Session 2: ingredients - structure and texture


11:15 Sustainable, surfactant-free foam stabilisers
Joanne Gould, University of Nottingham


11:50 Ingredient functionality for bread products
Jenni Bradbeer, Campden BRI


12:25 What’s new from the sponsors?


12:45 Lunch, opportunity to view exhibits and go on site tours.
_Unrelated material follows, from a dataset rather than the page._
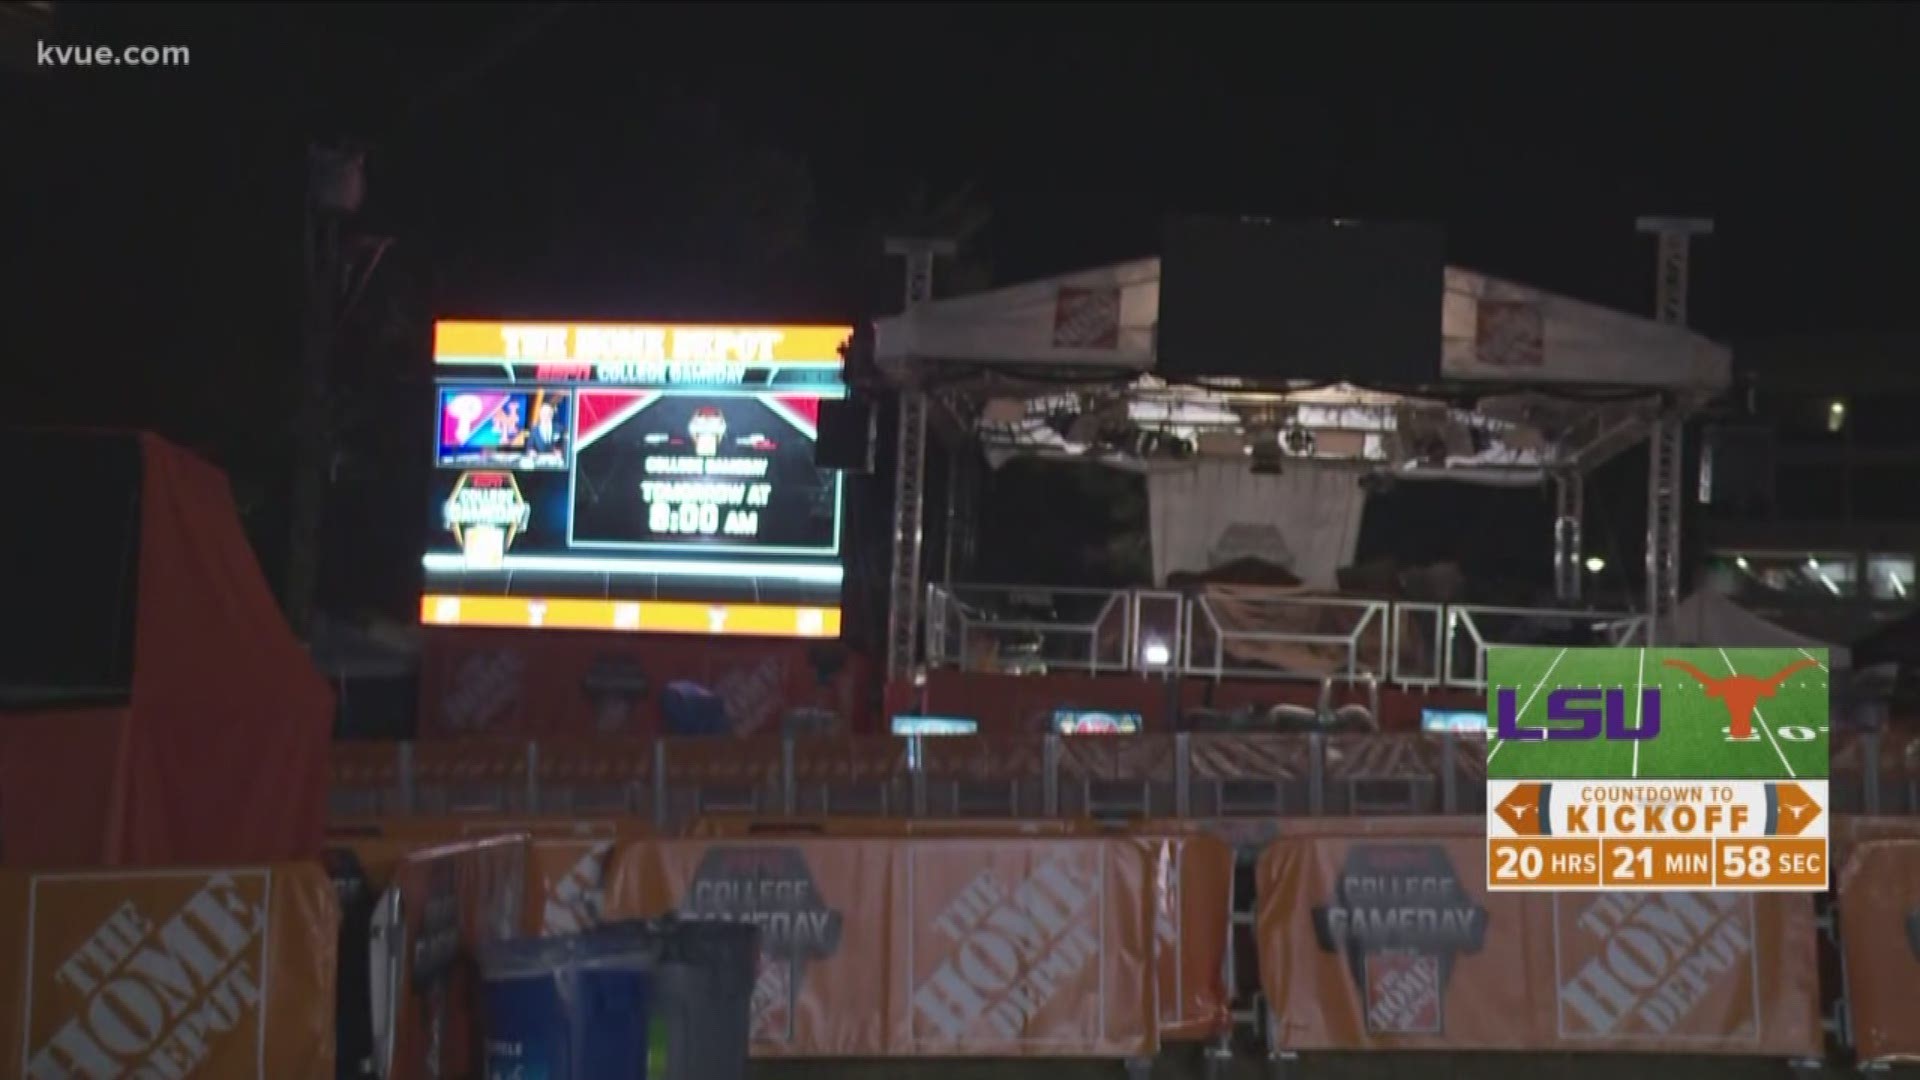 ESPN is setting up shop in Austin to cover the biggest college football game of the weekend.

Session 3: ingredients - reducing sugar in cakes


14:00 Oleogels: a novel functional ingredient for healthier cakes
Vincenzo di Bari, University of Nottingham


14:35 New raising agents for low sugar cakes
Dan Brown, Kudos Blends


15:10 Refreshment break and opportunity to view the exhibits


Session 4: ingredients - flavour


15:40 Sensory characteristics of crusty bread and sandwich bread
Camille Dupuy, Lesaffre, France


16:15 Baked goods with a strong character and declaration friendly ingredients
Markus Hombach, Ireks, Germany


16:50 Close of day



Conference dinner


Conference dinner at the Pudding Club, Mickleton - sponsored by Burford Bakery Solutions


19:00 Drinks reception


19:30 Conference dinner



Day 2


08:30 Arrival refreshments


08:40 Chairman’s introduction
Paul Turner, Dupont


Session 5: processing - flour and dough


08:50 Grain processing using the Revtech
Martin Mitzkat, Revtech, France


09:25 Dry heat treatment of flour for the production of high ratio cakes
Silvia Keppler, UC Davis, USA


10:00 Humidity control in bread coolers and provers
Stephen Larkin, Sealpump Engineering Ltd


10:35 Refreshment break and opportunity to network and view exhibits


Session 6: processing - bread


11:05 Vitamin D generation in bread using UV
Matz Bengtson, Viasolde Solution AB, Sweden


11:40 Reducing waste in bread roll plants by application of novel technologies
Kylee Goode, University of Birmingham


12:15 The potential of enzymes for freshness and flavour generation in baked goods
Frank Rittig, Novozymes


12:50 Closing remarks


13:00 A buffet lunch will be available and last opportunity to view exhibits


14:00 Close



Due to circumstances beyond our control, alterations to the timing and content of this conference may become necessary. We therefore reserve the right to modify this event programme


Please note that copies of the presentations will not be available on the day but will be emailed within a few days of the event as an electronic download in PDF format.